4 Feb 2009

Peace of mind

It’s a slow morning, and I don’t have to go to work. There is no fresh snowfall, and what is on the ground is rapidly melting, though more is predicted for tonight and tomorrow.

I deliberately bypassed the Trinidad newspapers today, not wanting to have to deal with so much crap. Lately, I've become pensive, and more depressed. Not only about the never-ending stream of bad news from down there, but also because lately I’ve realised that several important aspects of my life are now necessary for me to let go of.

Letting go is never easy, and some of these decisions have been weighing very heavily on my mind, more so since my brush with dengue and the ill health that followed.

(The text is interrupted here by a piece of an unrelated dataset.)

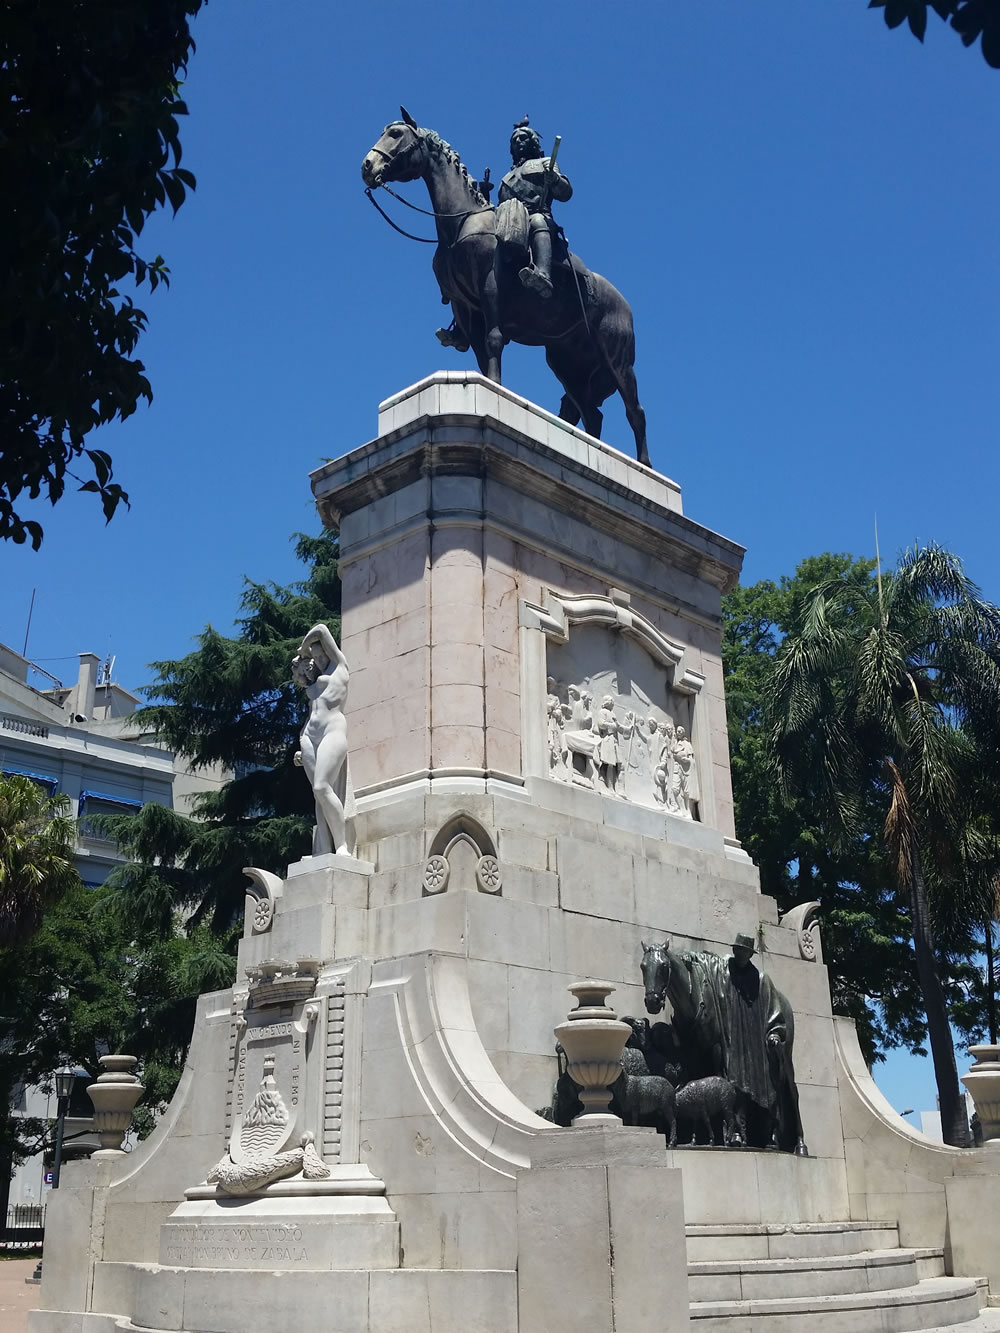 Montevidéu Ciudad Vieja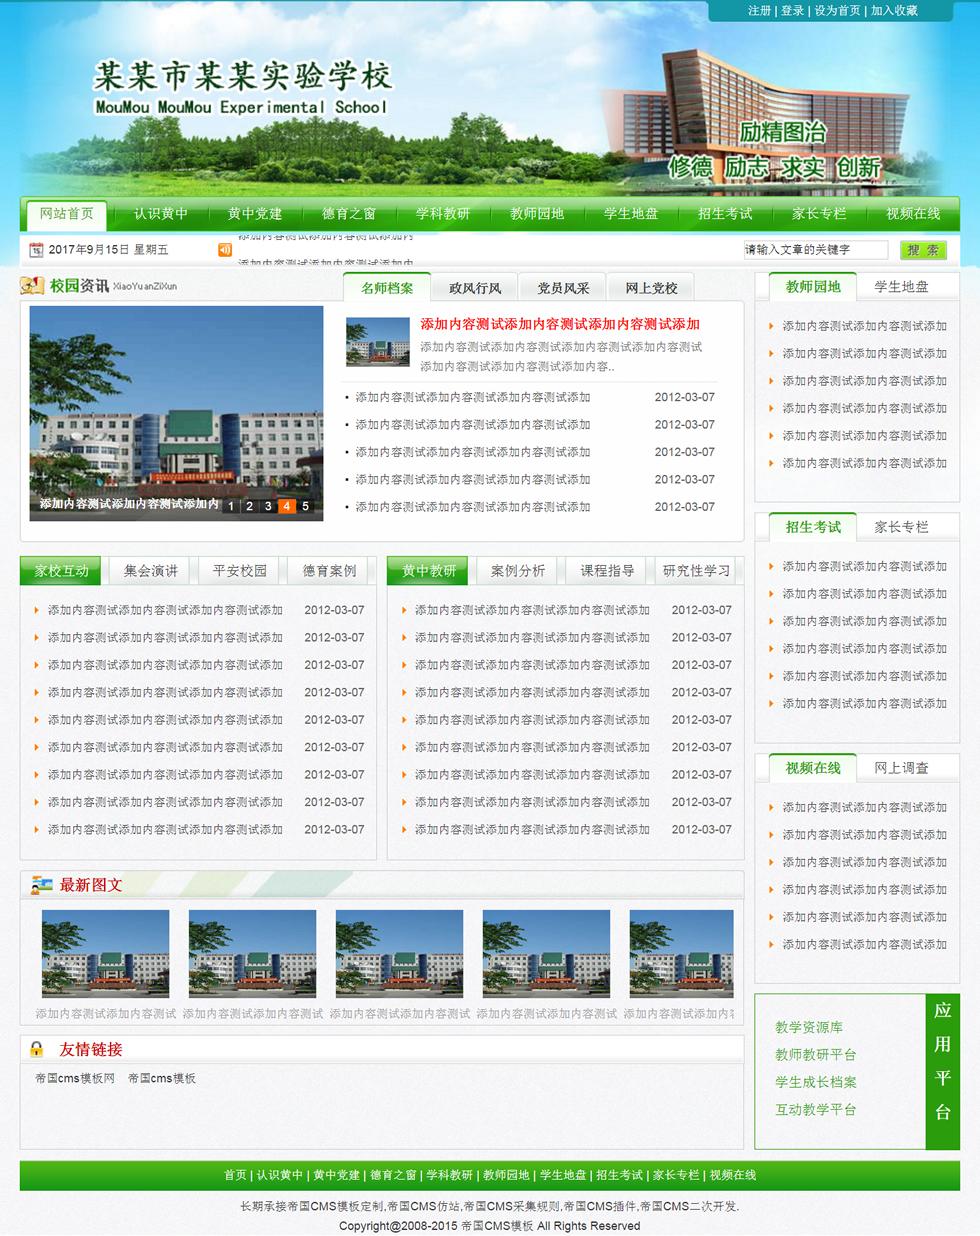 帝国cms绿色风格中小学校网站模板_首页

Support is almost non-existent for me in the UK, since I have no family here except for Punks, who at age 10 is certainly not the appropriate person to unburden my thoughts. Friends are more likely to be centred around their own lives and their own families, as is common in the UK. People here are less involved in other peoples’ troubles.

My mood is not related to the weather, I hope. As time passes, I find myself hopeful for something, and yet I cannot define what it is that I am seeking. Peace of mind certainly. Perhaps that will come in time, one can hope and work towards that, as I have been doing.

In the meantime, I am going to do my daily workout and have a good breakfast. All things else can wait.